Perseo e Medusa: interpretazione del complesso rapporto tra peso e leggerezza
nella lezione di Italo Calvino.
“Chi combatte con i mostri deve guardarsi dal non diventare egli stesso un mostro. E se
guarderai a lungo dentro l’abisso, l’abisso guarderà dentro di te”.

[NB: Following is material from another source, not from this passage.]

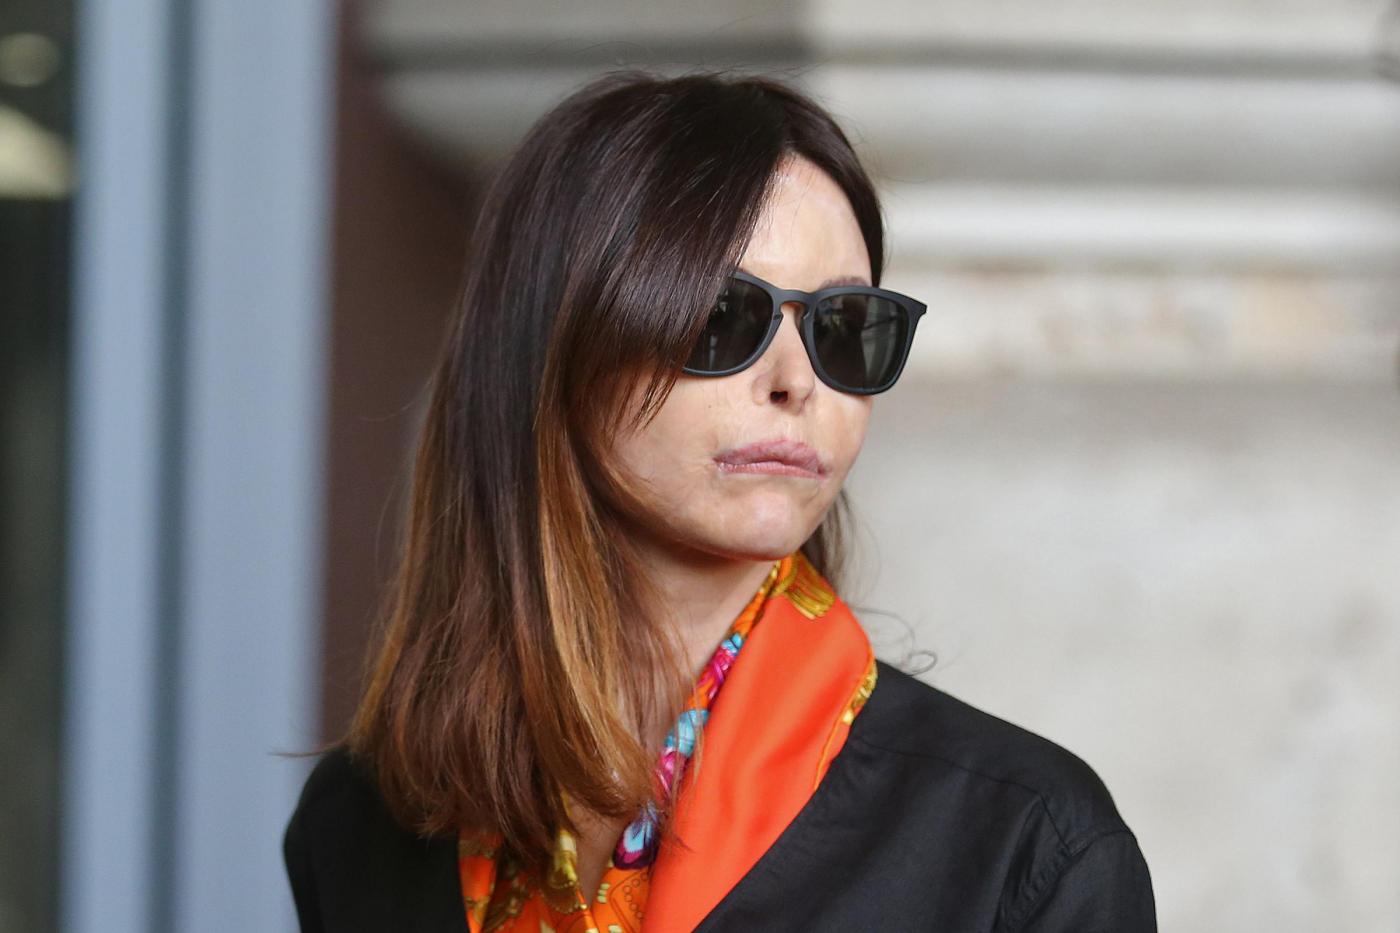 Lucia Annibali arriva in Cassazione

Vorrei cominciare con questa citazione di Friedrich Nietzsche per creare un parallelo tra “chi
combatte mostri” e la figura dell’eroe Perseo, usata da Calvino nella prima delle Lezioni
americane per introdurre il tema della leggerezza. Attraverso un ideale approccio che lo
scrittore deve avere nei confronti della realtà (approccio che trova ottima rappresentazione
nella relazione antagonistica tra Perseo e Medusa), Calvino ci racconta un’interpretazione
del rapporto tra peso e leggerezza che vede quest’ultima come valore di supporto per
chiunque, come lui, voglia scrivere della realtà che lo circonda. All’interno di questa lezione,
per parlare della superiorità della leggerezza come arma per affrontare i disagi
dell’esistenza, viene preso in prestito dall’autore il modo in cui l’eroe del mito riesce a
sconfiggere la Gorgone: uccisa per la visione indiretta sullo scudo di Perseo, che permette
all’eroe di decapitarla senza incrociarne lo sguardo pietrificante.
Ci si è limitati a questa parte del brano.